--- Material provided ---
%%
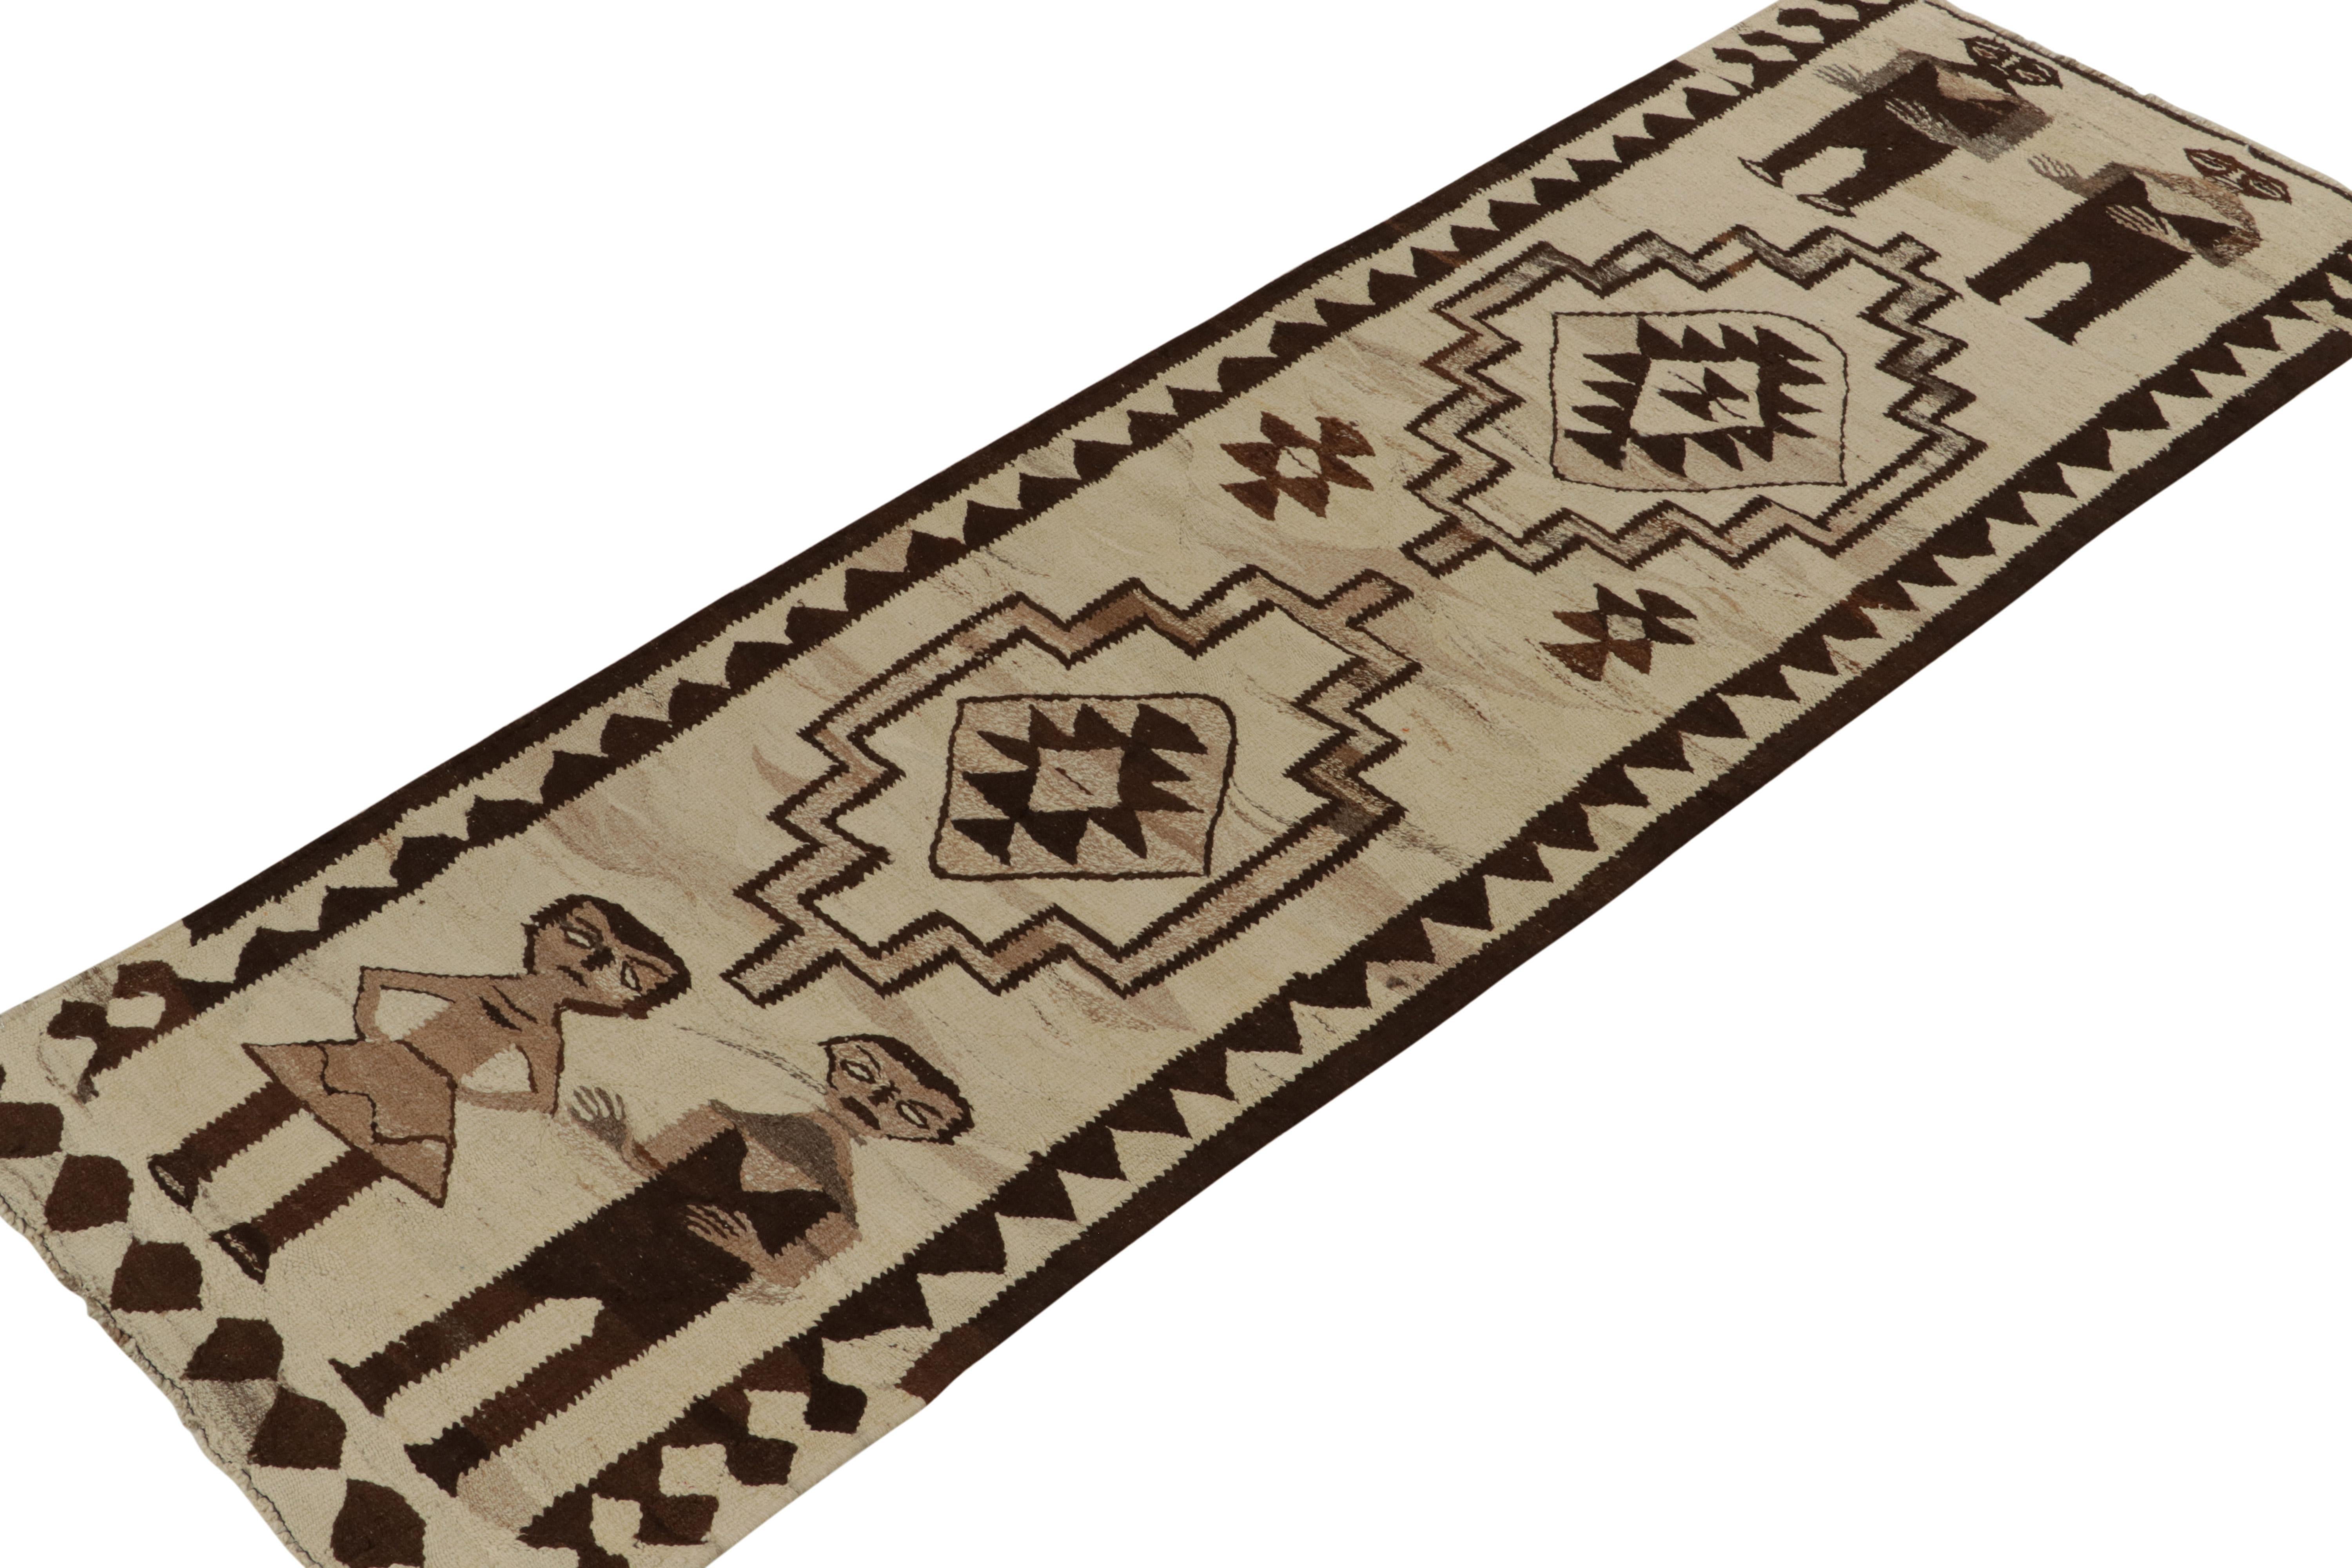 From Rug & Kilim Principal Josh Nazmiyal’s latest acquisitions, a stunning 3x10 vintage kilim runner originating from Turkey circa 1950-1960. 

On the Design: An earthy play of beige-brown tones depict a sharp series of tribal medallions and
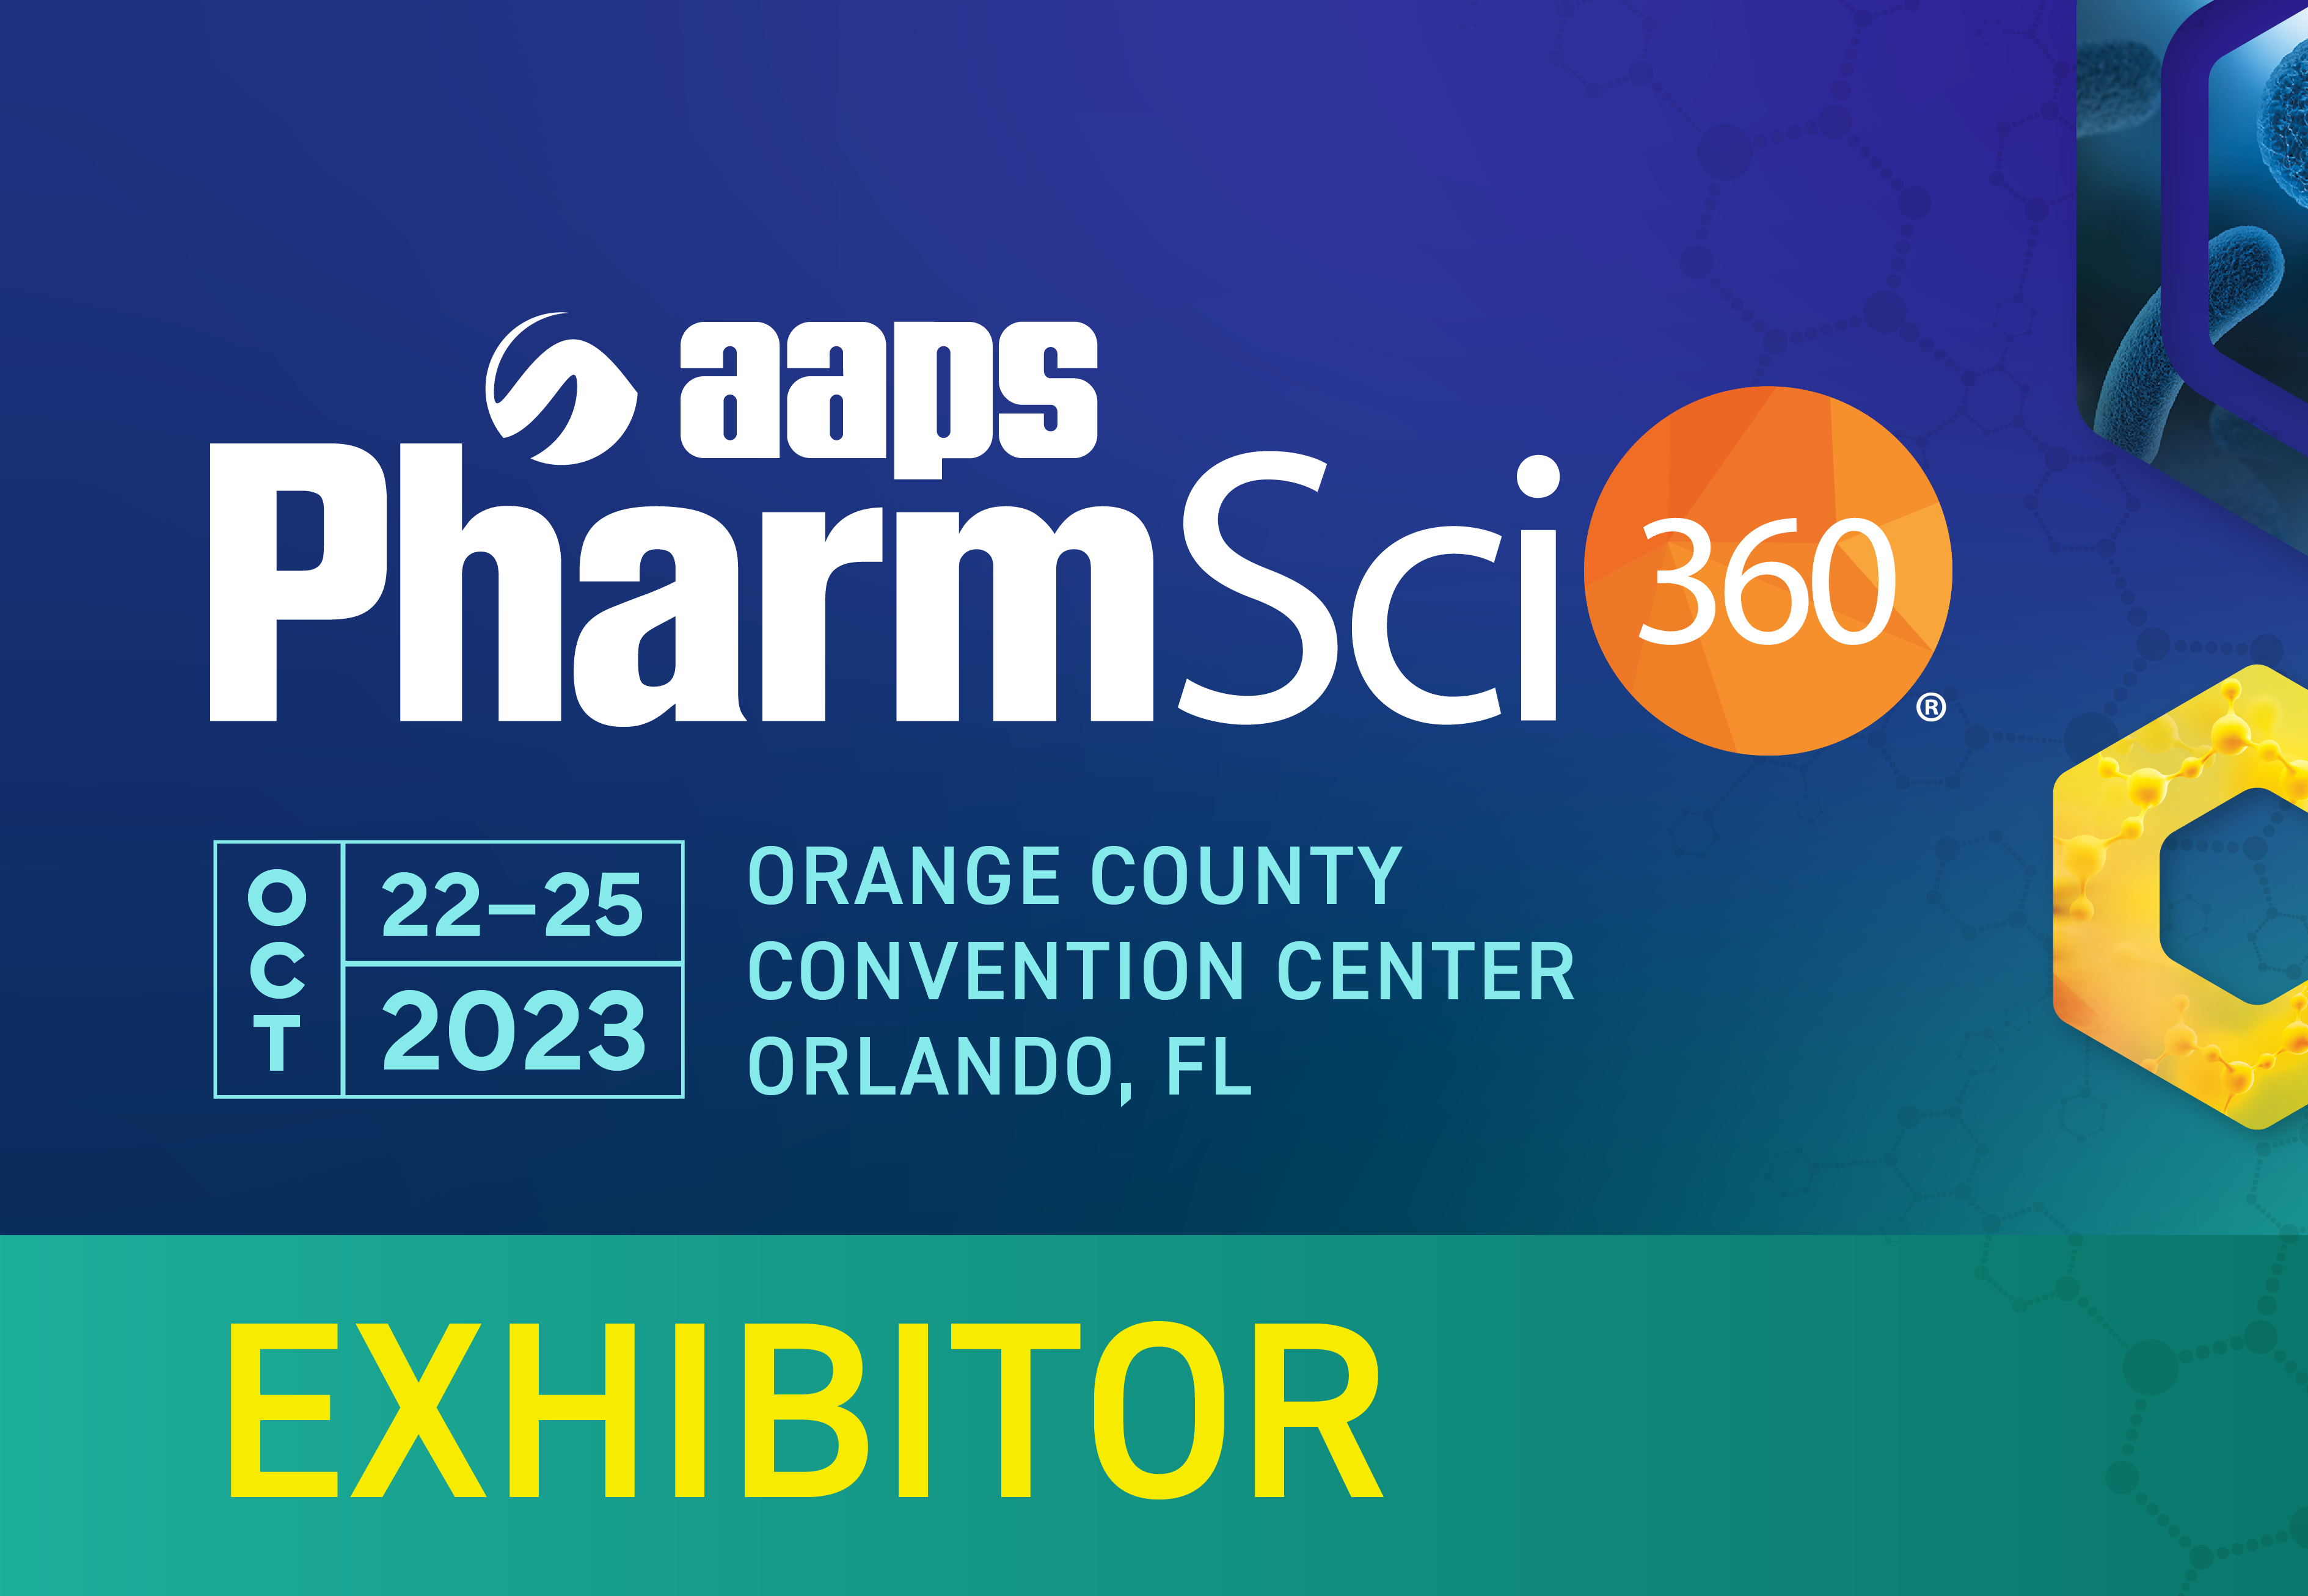 Learning Opportunities Abound at AAPS 2023 PharmSci 360
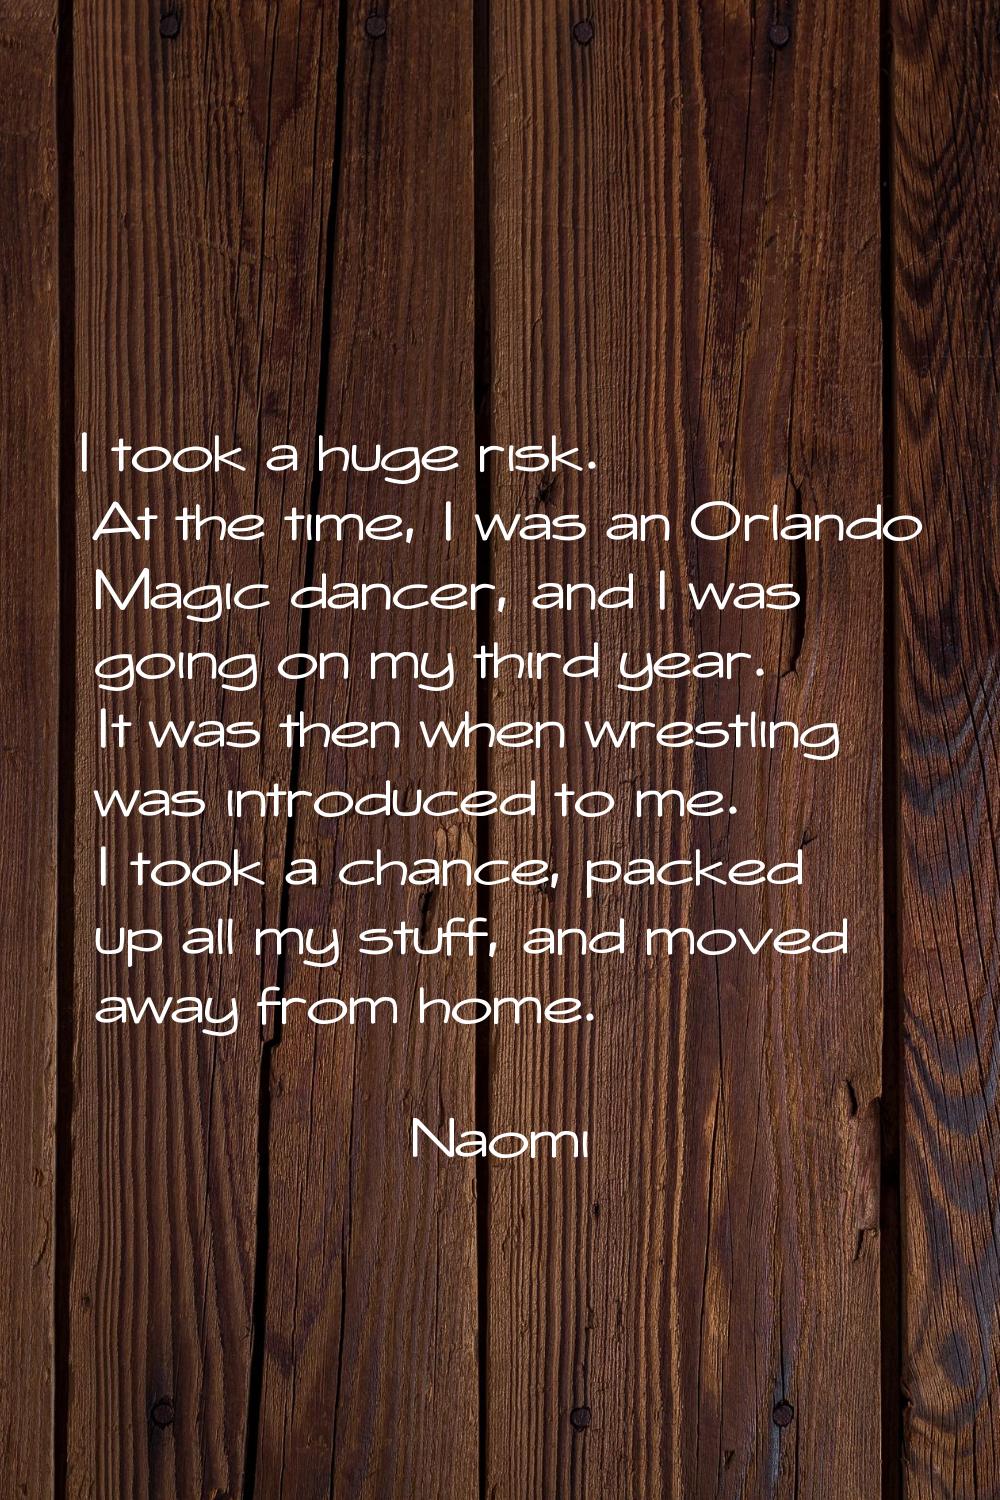 I took a huge risk. At the time, I was an Orlando Magic dancer, and I was going on my third year. I
%%
--- Task statement ---
A word-for-word restatement of all the lines above is needed, with the pictures omitted.

--- Task response ---
 From Rug & Kilim Principal Josh Nazmiyal’s latest acquisitions, a stunning 3x10 vintage kilim runner originating from Turkey circa 1950-1960. 

On the Design: An earthy play of beige-brown tones depict a sharp series of tribal medallions and
 Learning Opportunities Abound at AAPS 2023 PharmSci 360
 I took a huge risk. At the time, I was an Orlando Magic dancer, and I was going on my third year. I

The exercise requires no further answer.